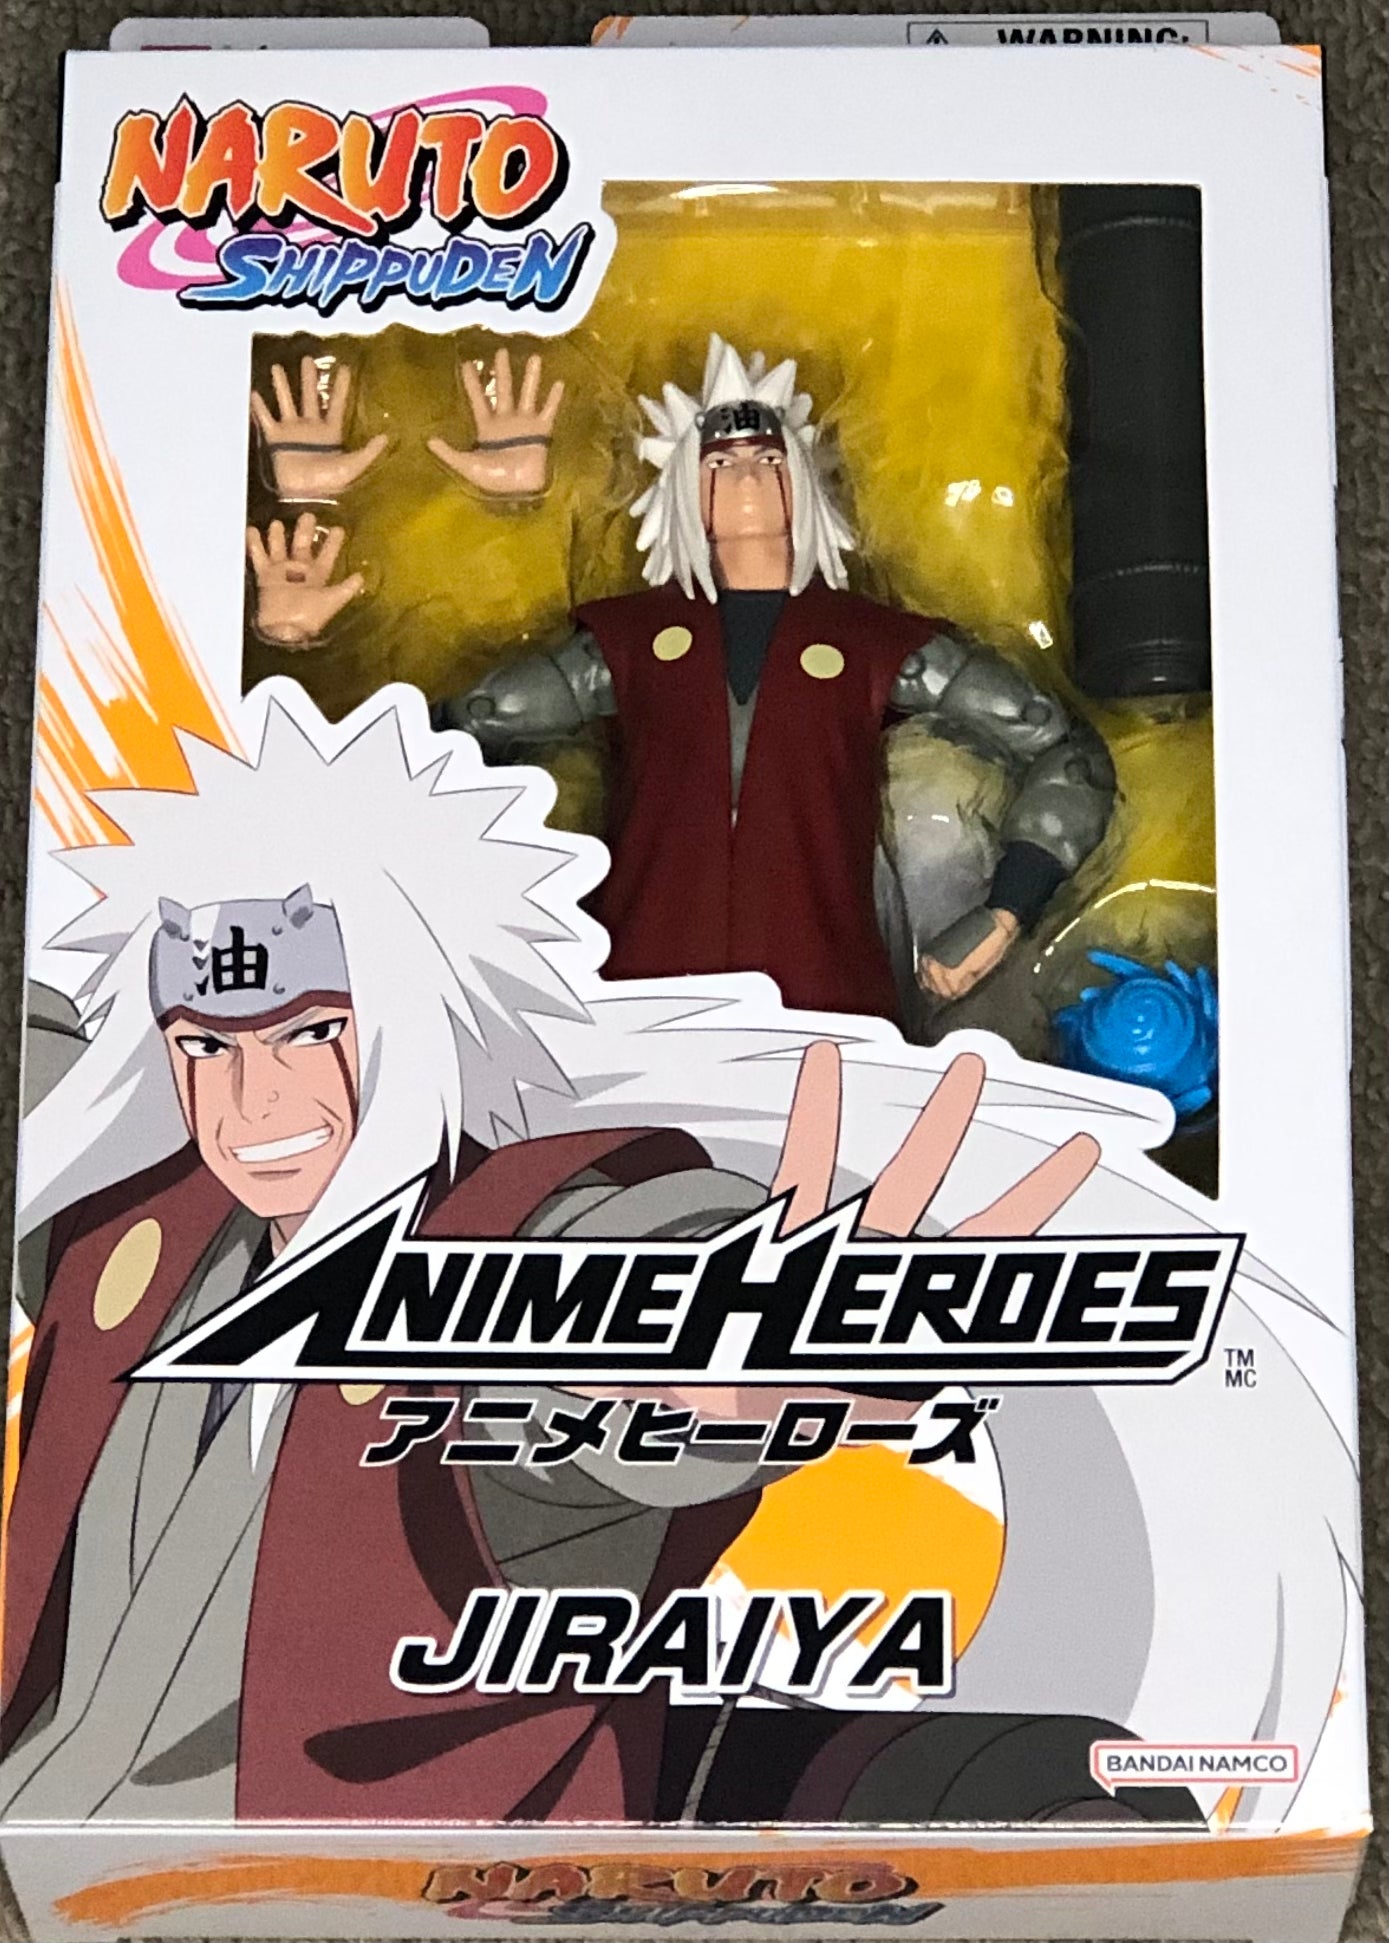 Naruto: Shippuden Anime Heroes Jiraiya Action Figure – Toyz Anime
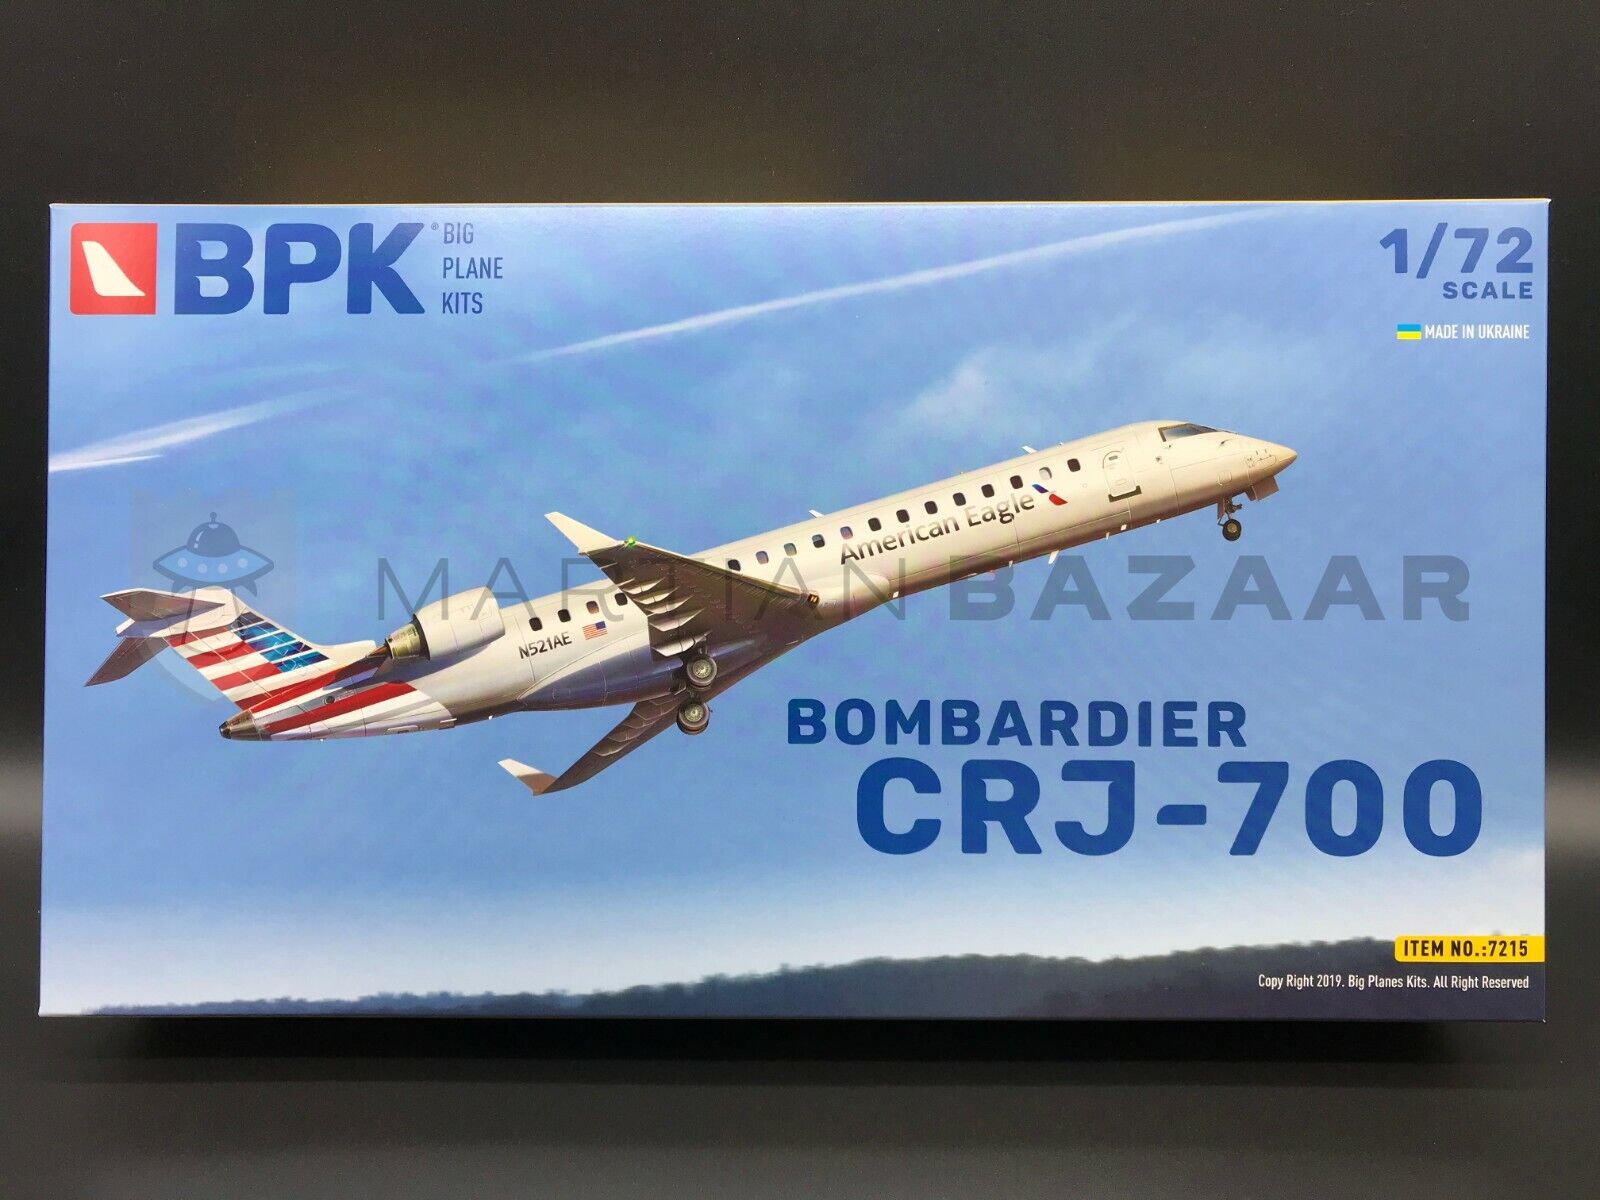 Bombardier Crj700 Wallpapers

---

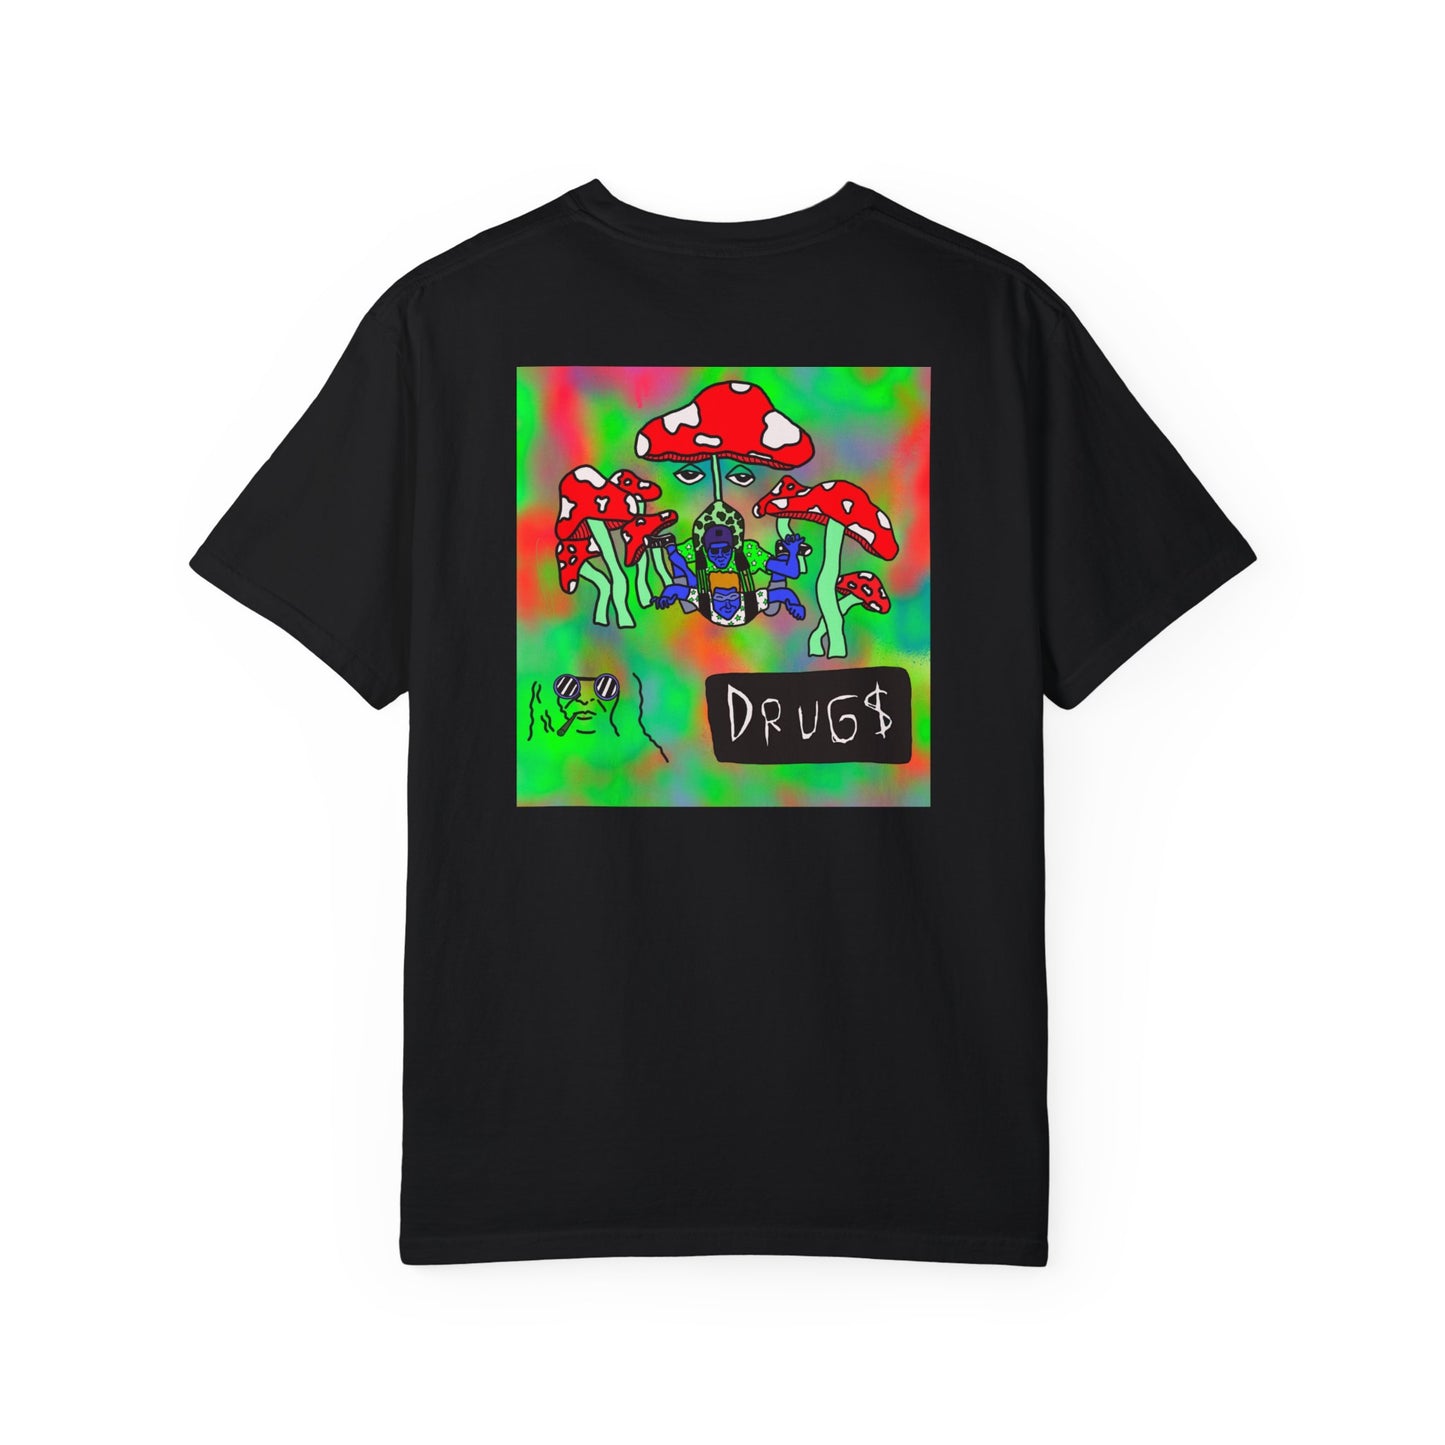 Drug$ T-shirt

§ **Directions for this task**
Your answer must be the exact lines from the records above, from the one containing "Naruto: Shippuden Anime" through the one containing "Bombardier Crj700 Wallpapers", both included, with every picture left out.

§ **Worked solution**
 Naruto: Shippuden Anime Heroes Jiraiya Action Figure – Toyz Anime
 Bombardier Crj700 Wallpapers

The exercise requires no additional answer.